◆ Work task:
The pictures must be left out, while the rest of the data is copied exactly.

◆ Raw data:
────────────────

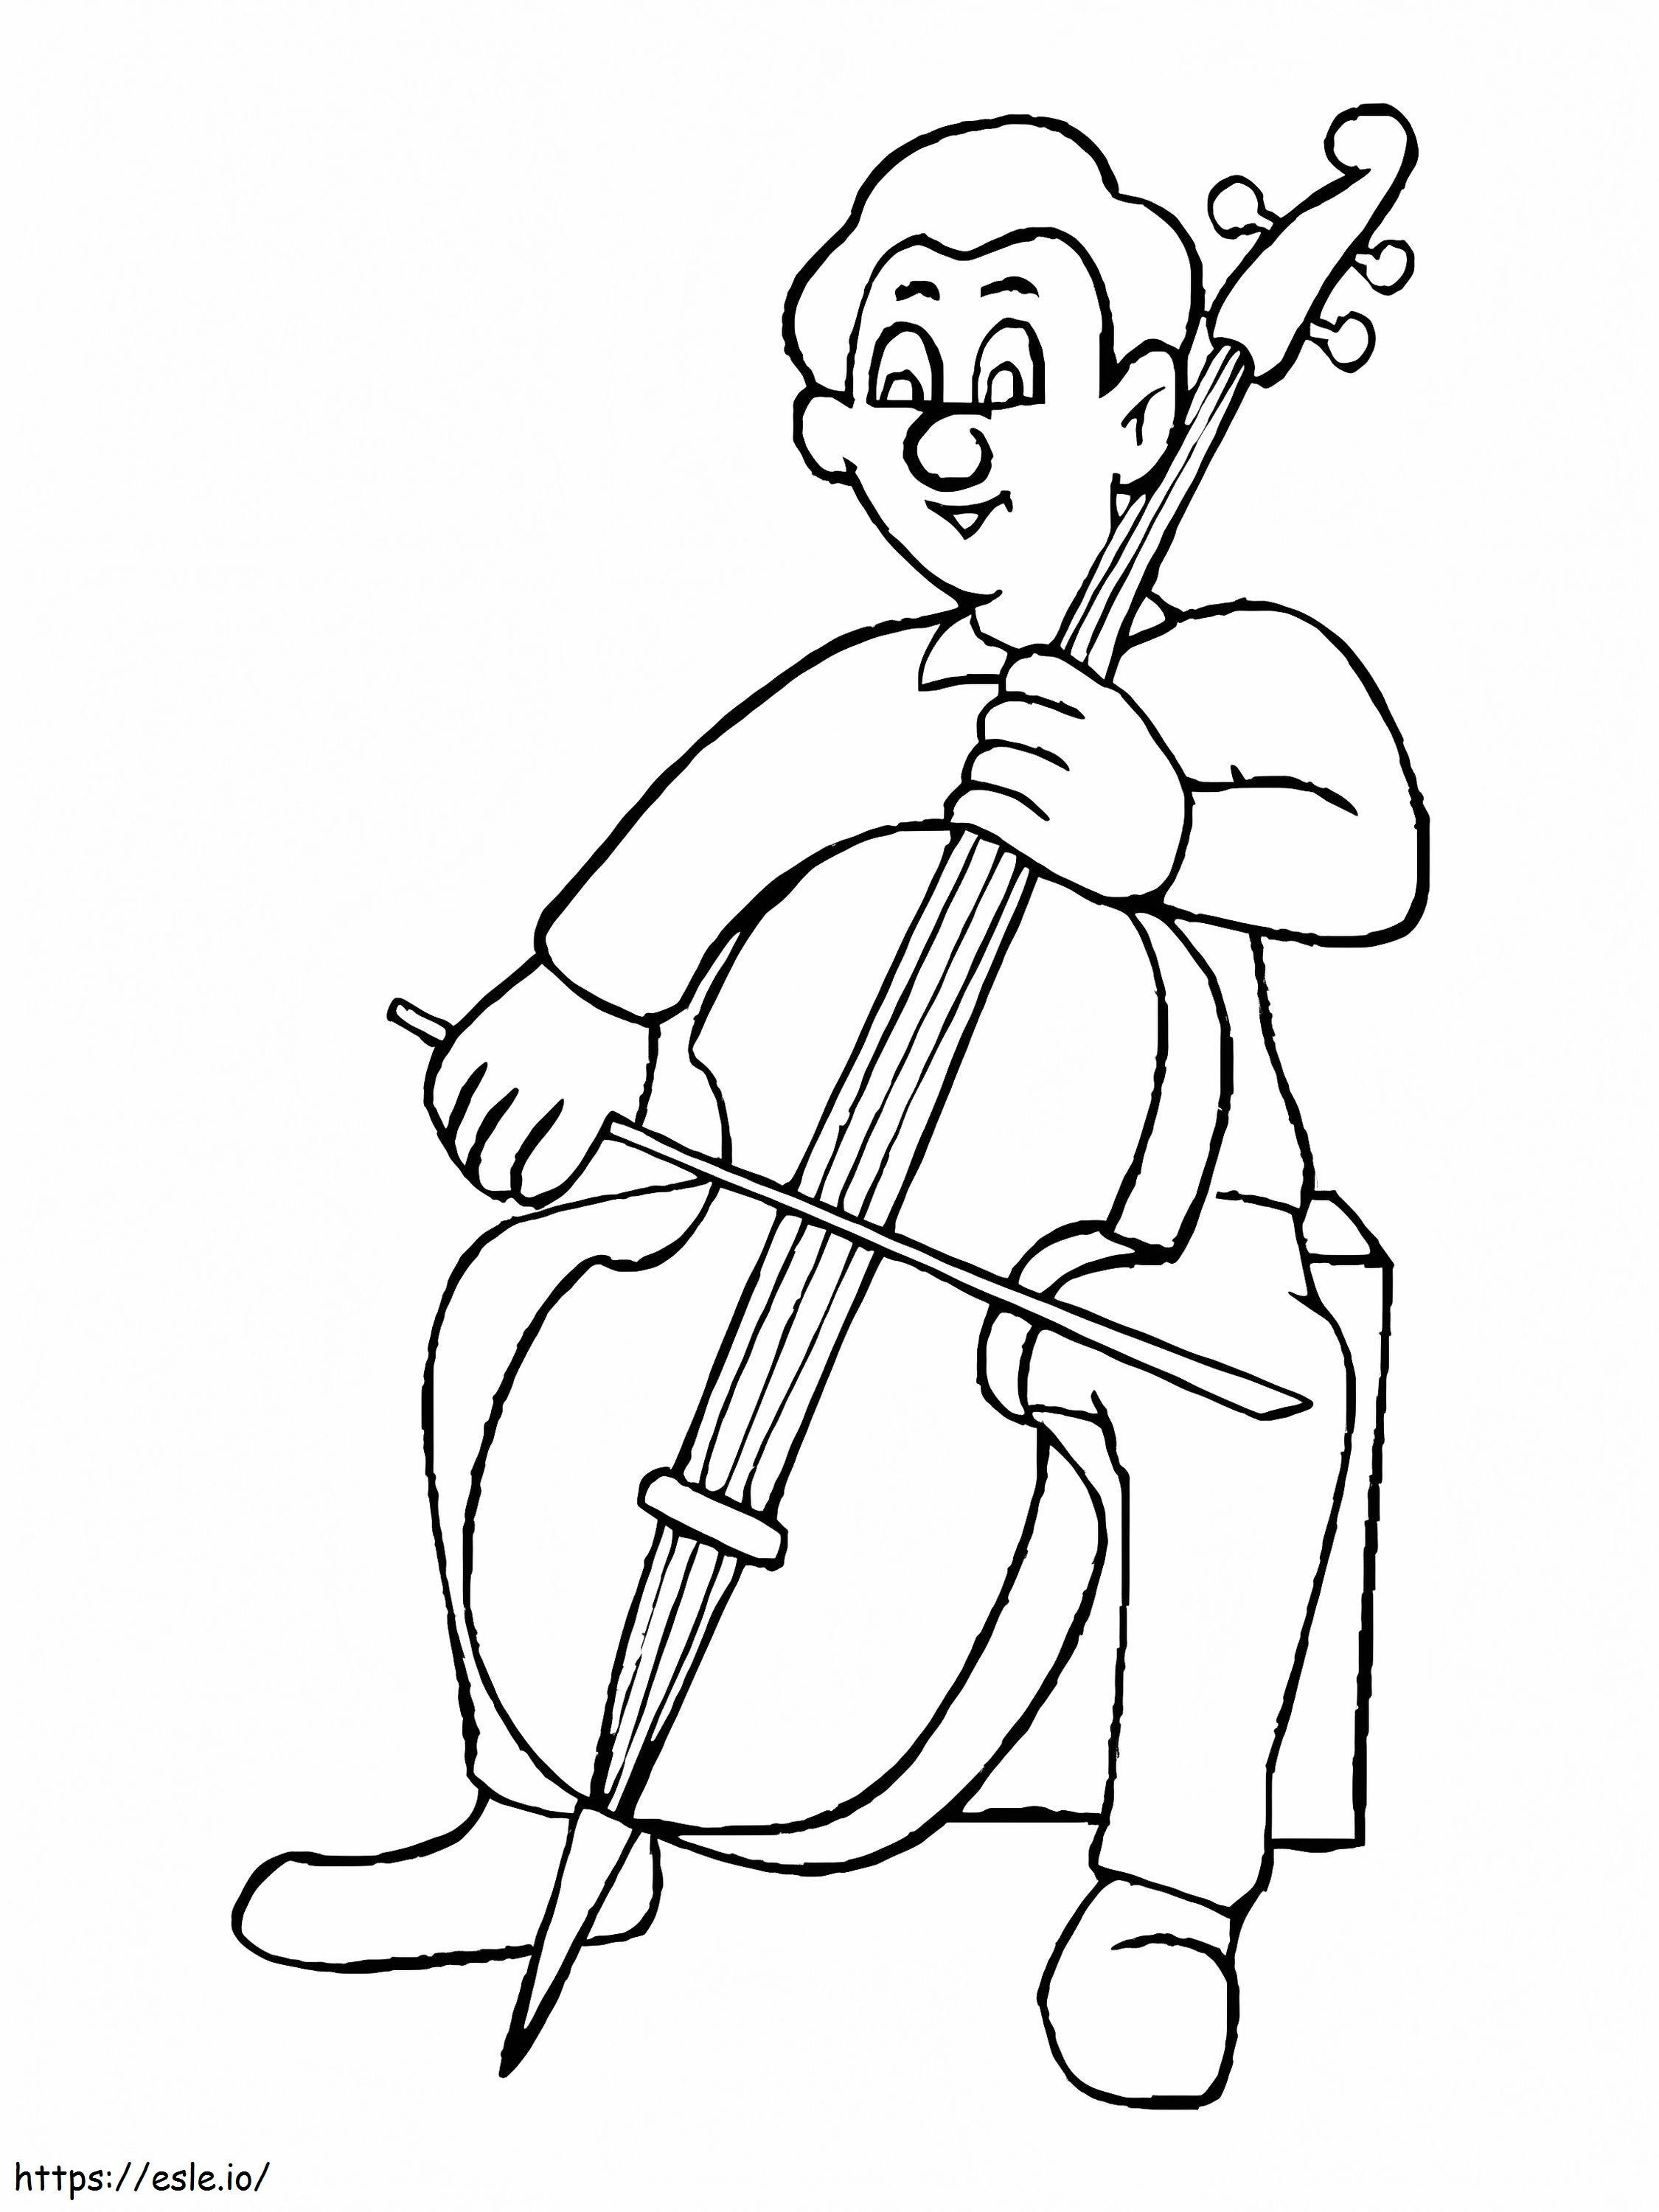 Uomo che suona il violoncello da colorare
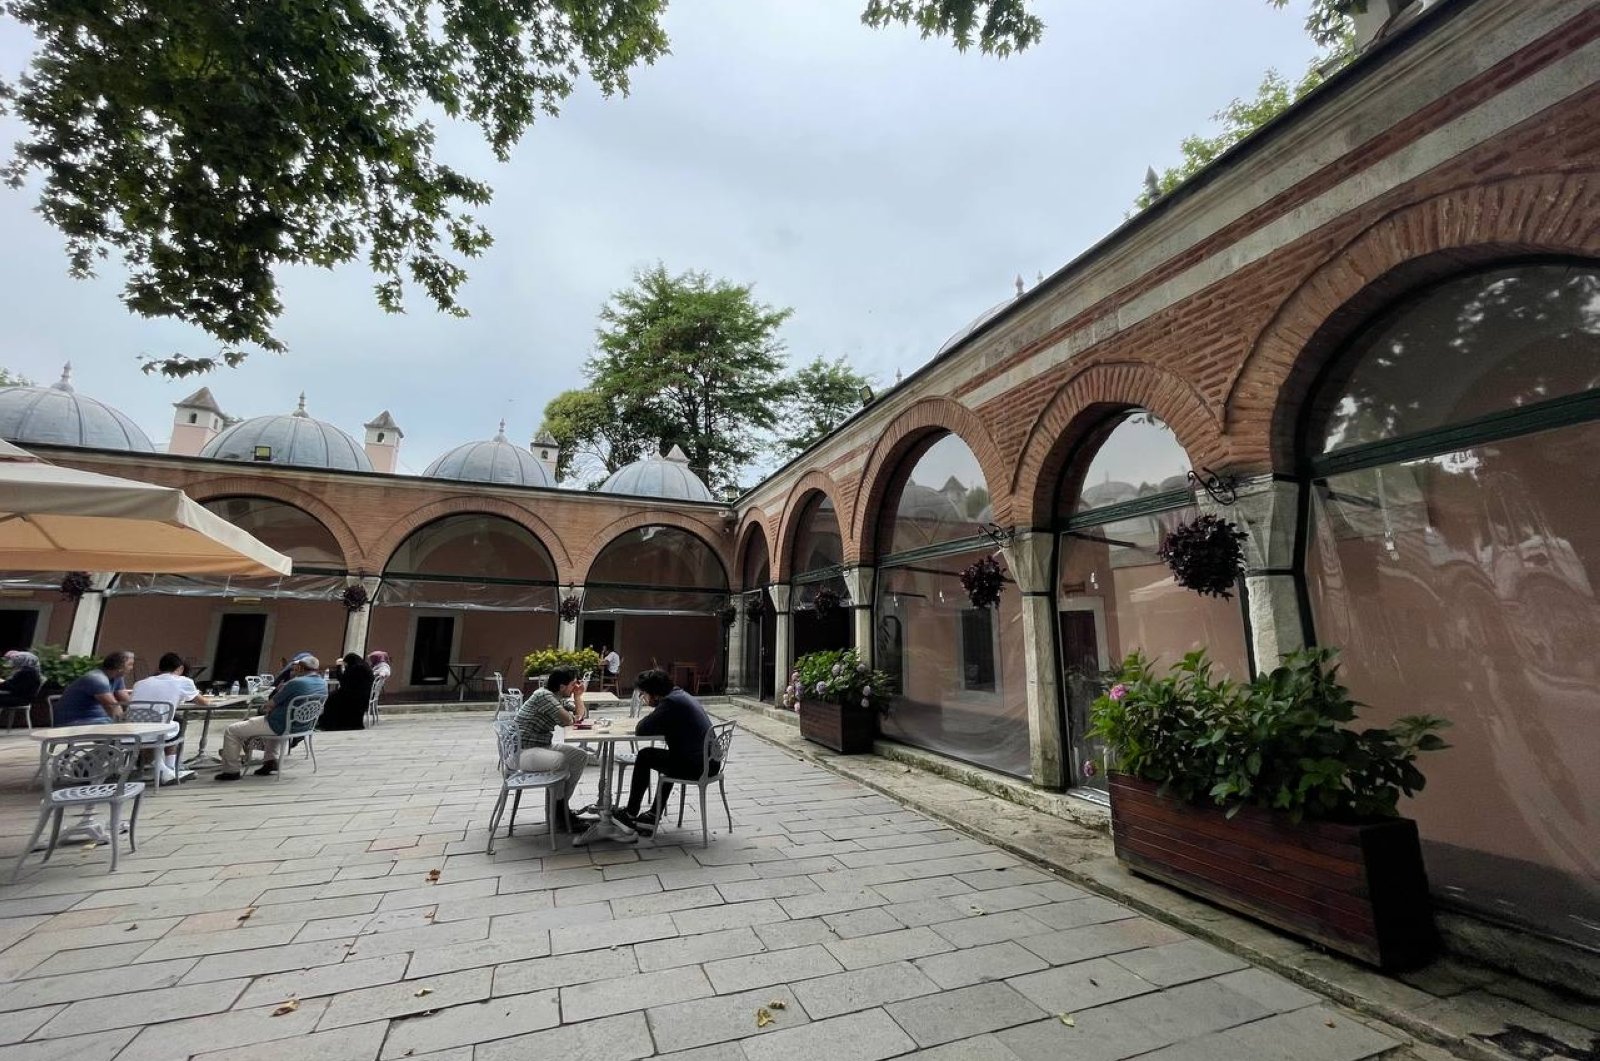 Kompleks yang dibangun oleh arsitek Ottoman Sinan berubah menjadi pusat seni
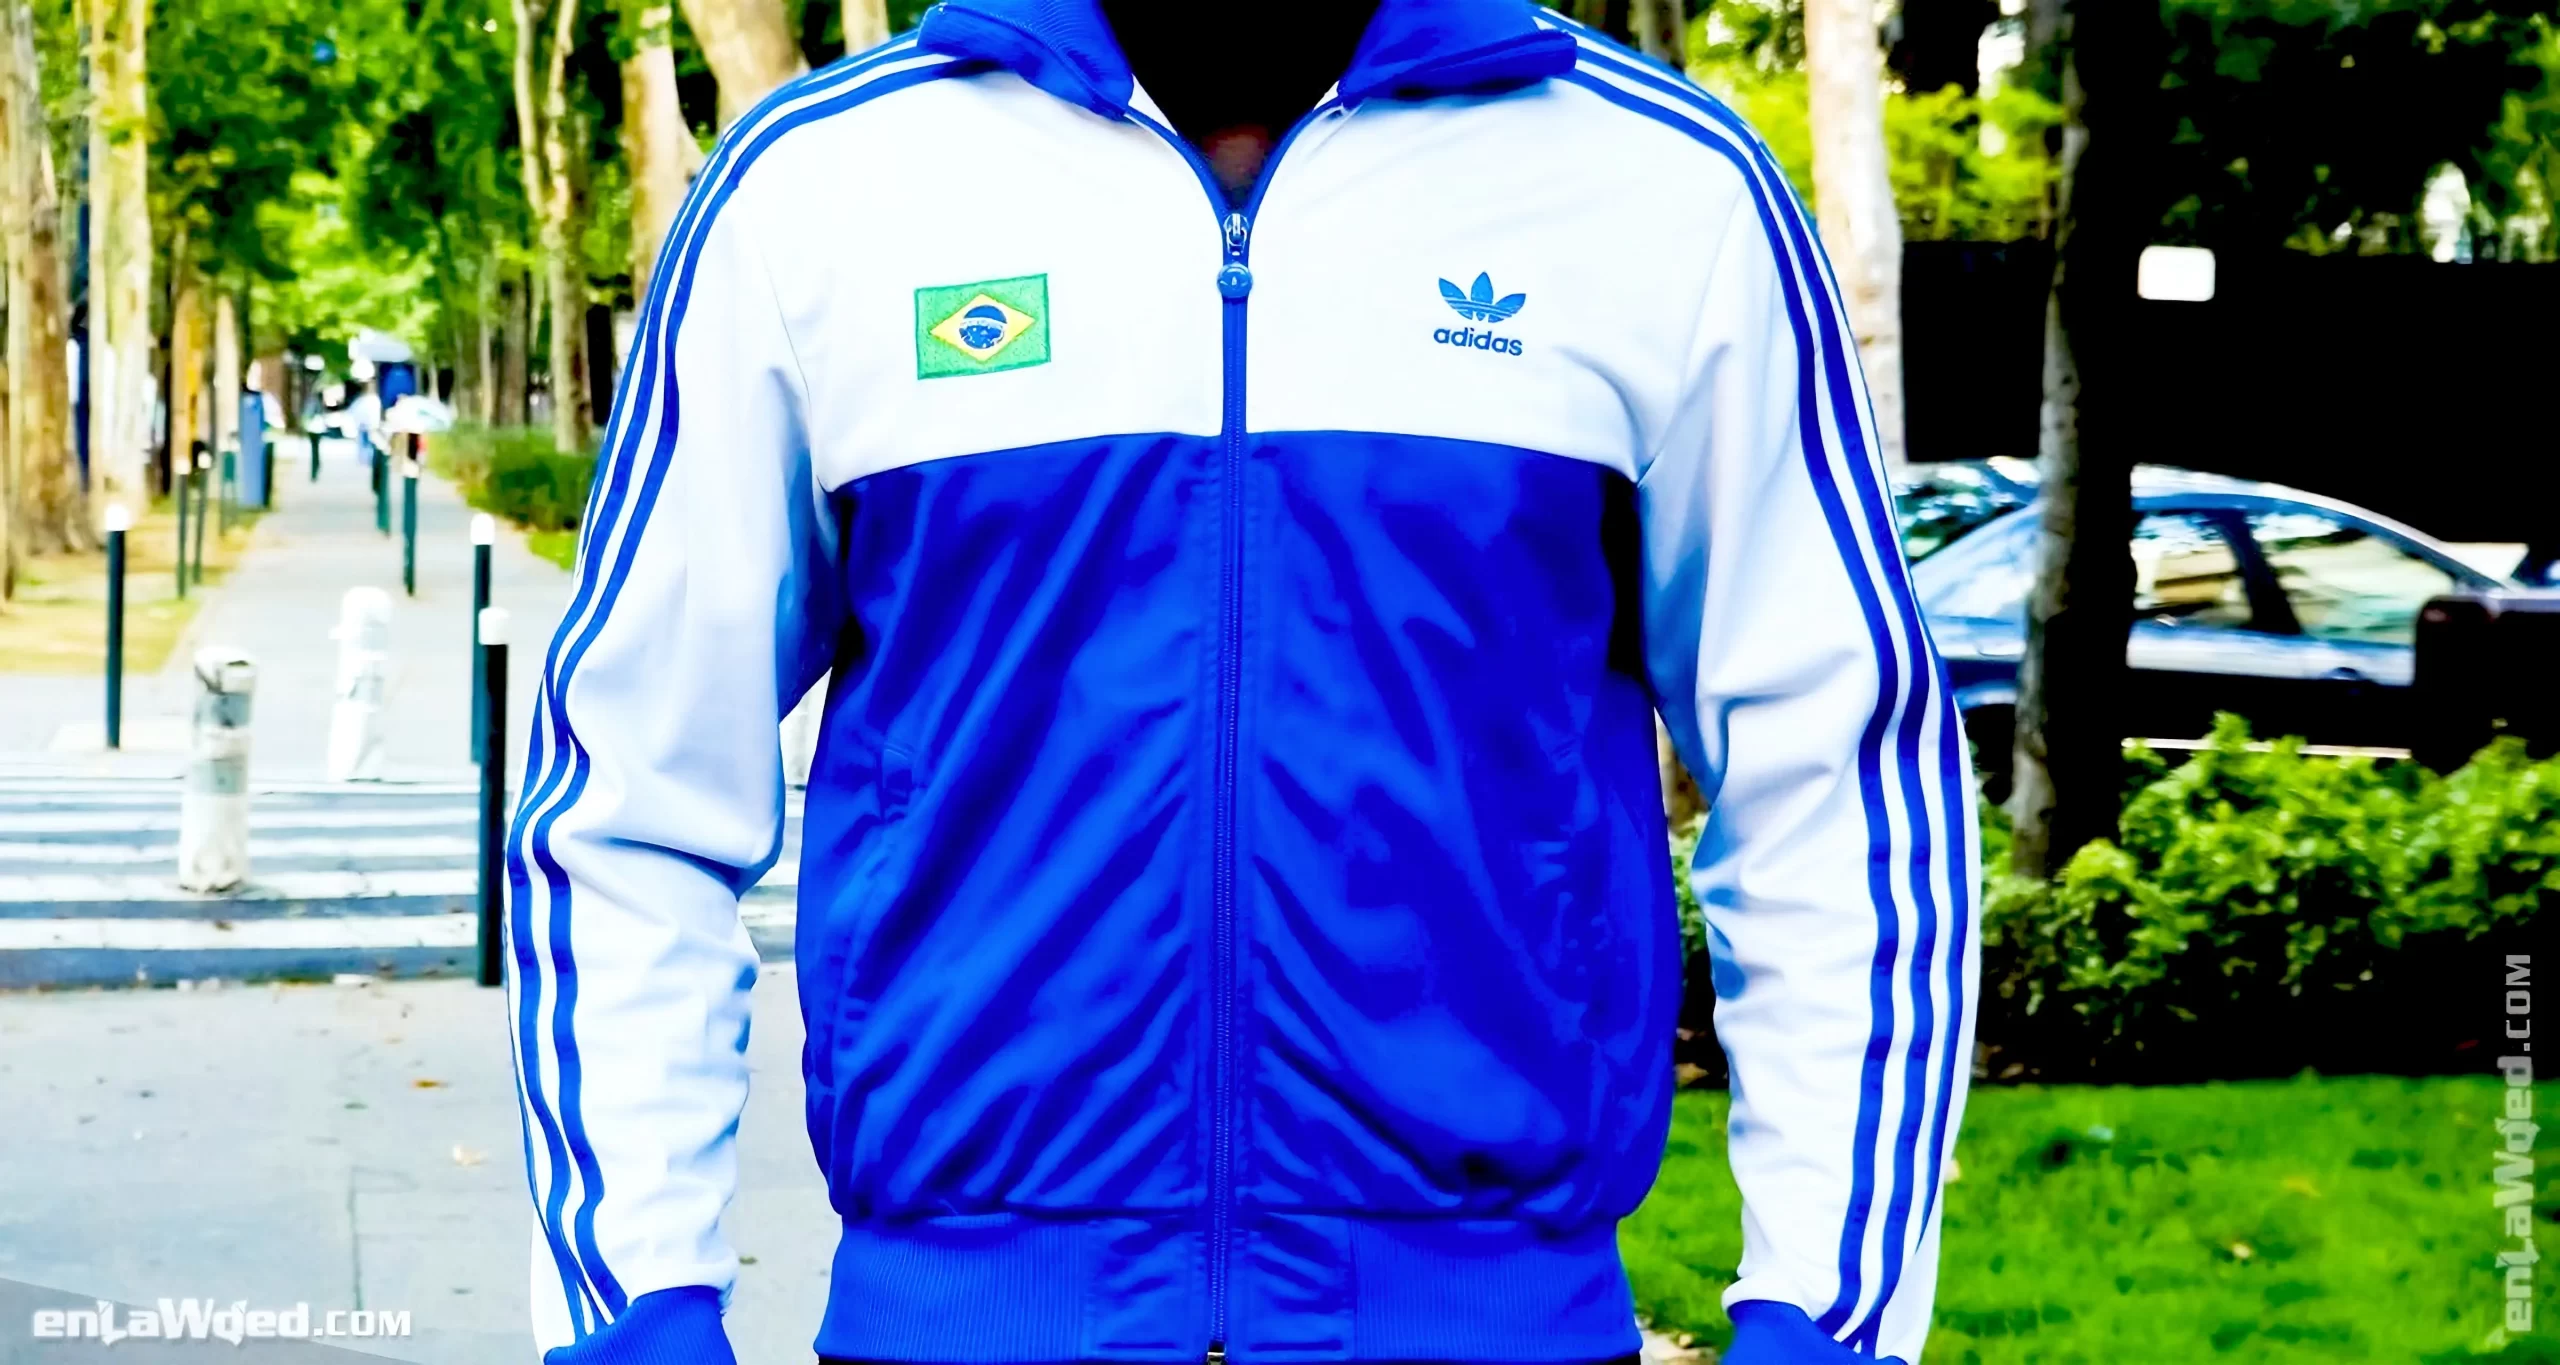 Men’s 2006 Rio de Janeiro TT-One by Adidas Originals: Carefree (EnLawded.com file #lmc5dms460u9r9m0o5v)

────────────────

◆ Response to this exercise:
 Uomo che suona il violoncello da colorare
 Kompleks yang dibangun oleh arsitek Ottoman Sinan berubah menjadi pusat seni
 Men’s 2006 Rio de Janeiro TT-One by Adidas Originals: Carefree (EnLawded.com file #lmc5dms460u9r9m0o5v)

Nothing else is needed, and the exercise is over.